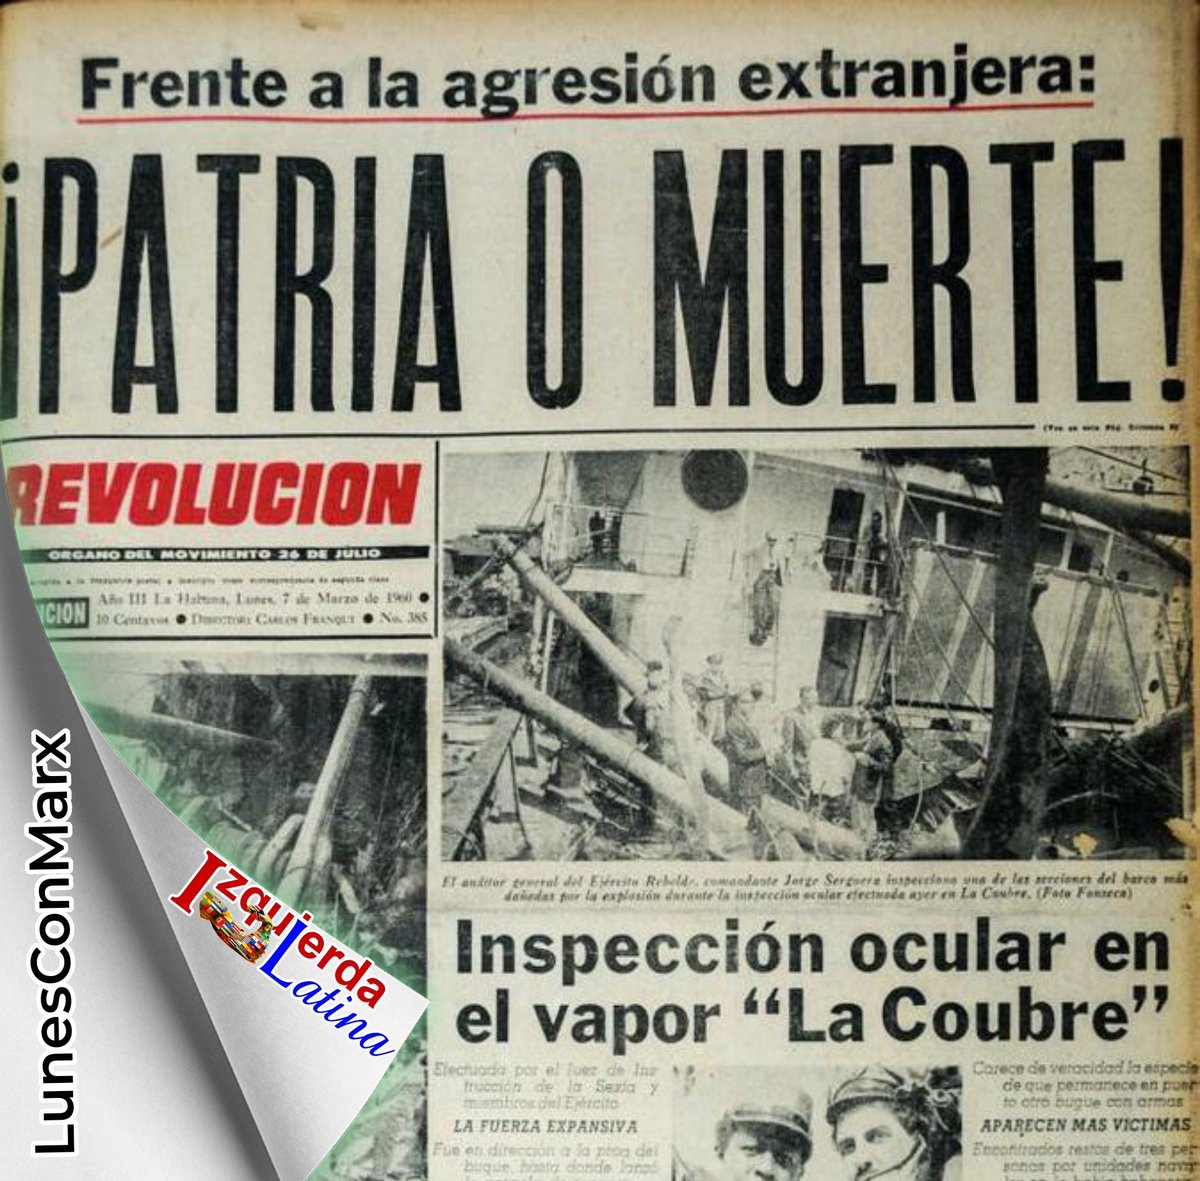 #LunesConMarx 
De las manos de los que nos acusan de terrorismo siempre nos ha llegado el dolor y la muerte, este #4DeMarzo recordamos como los EEUU vuelan en el puerto de la Habana el vapor La Coubre.
#IzquierdaLatina
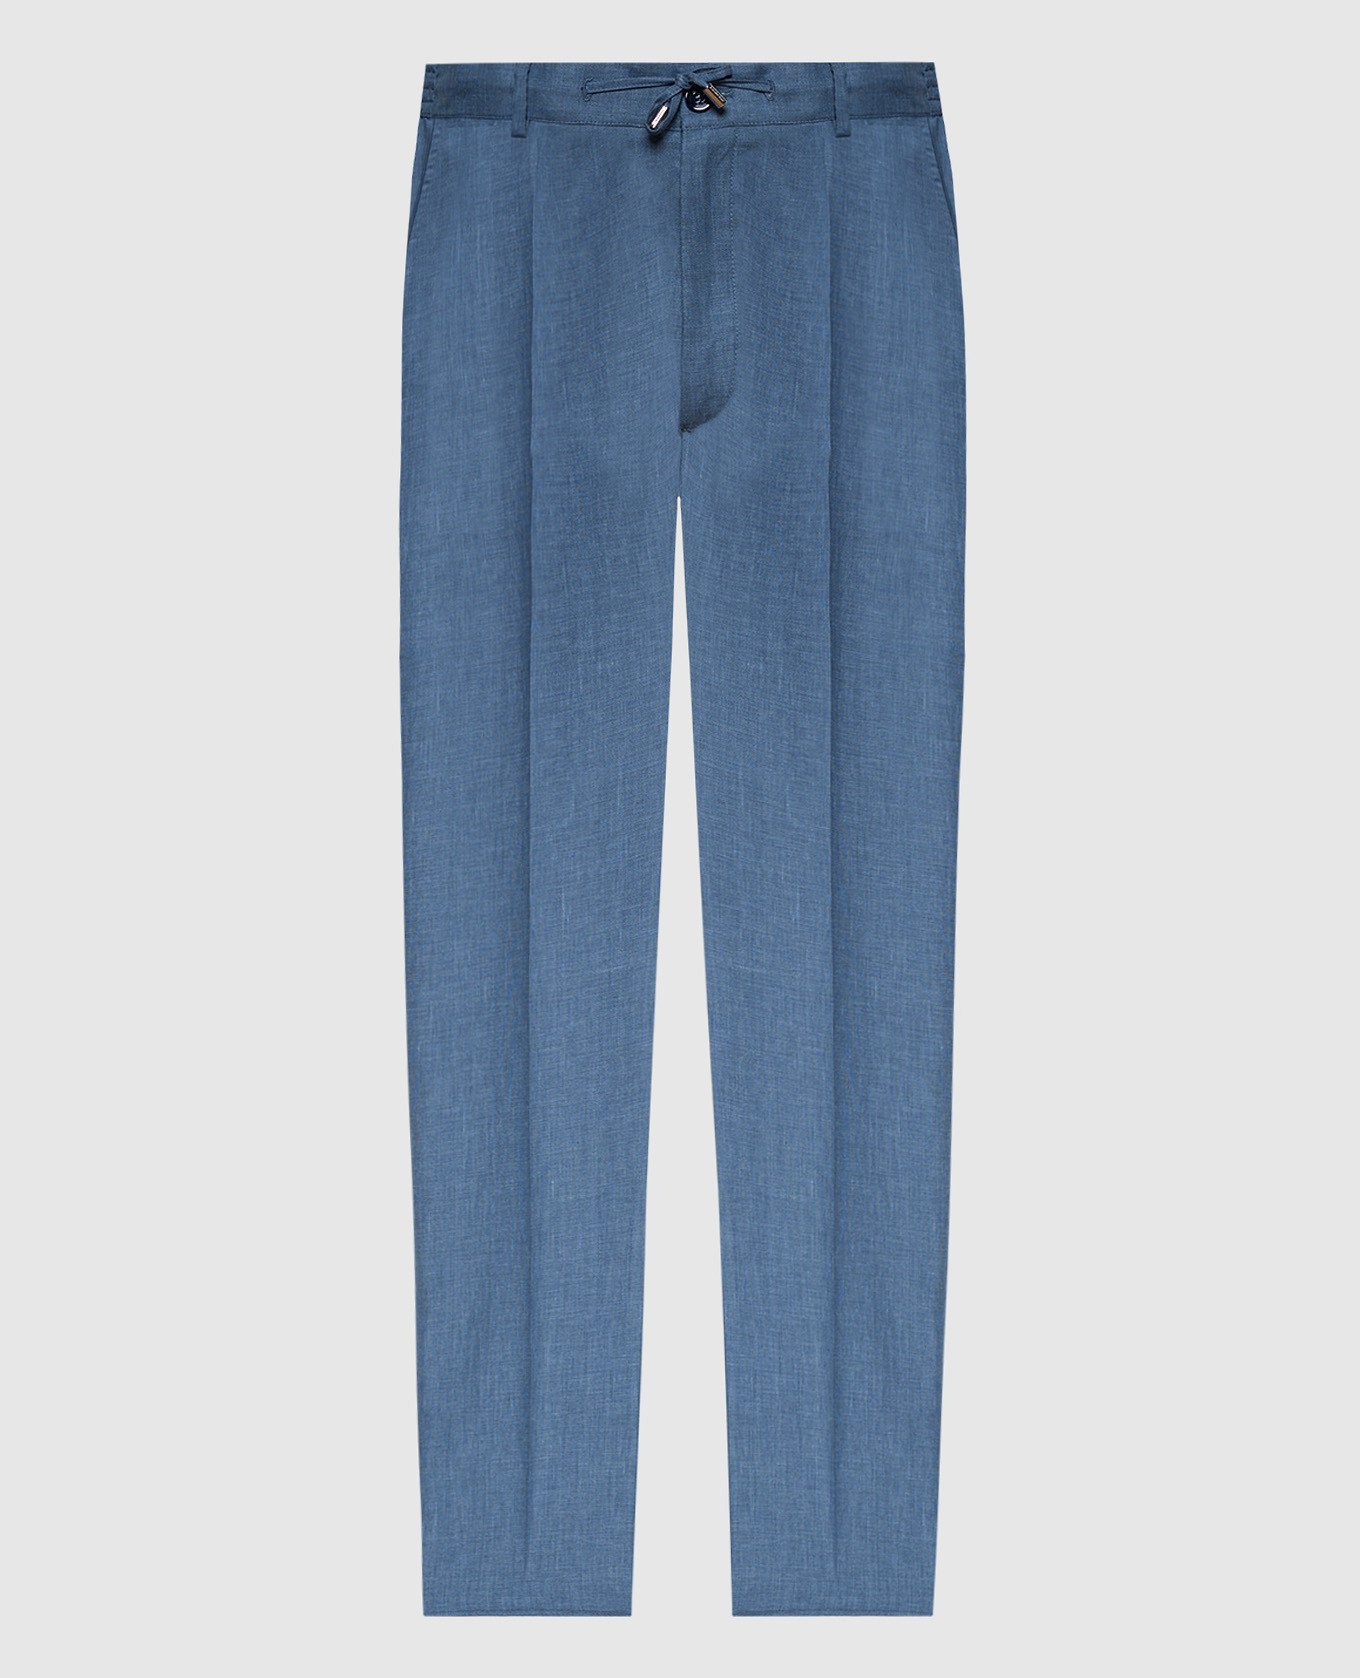 Голубые брюки с леном, шерстью и шелком с металлическим логотипом.

:: Work order ::
Could you write out verbatim only those lines that run from the line containing "De las manos" through the end of the listing above, both included, without the pictures?

:: Answer to this exercise ::
De las manos de los que nos acusan de terrorismo siempre nos ha llegado el dolor y la muerte, este #4DeMarzo recordamos como los EEUU vuelan en el puerto de la Habana el vapor La Coubre.
#IzquierdaLatina
 Голубые брюки с леном, шерстью и шелком с металлическим логотипом.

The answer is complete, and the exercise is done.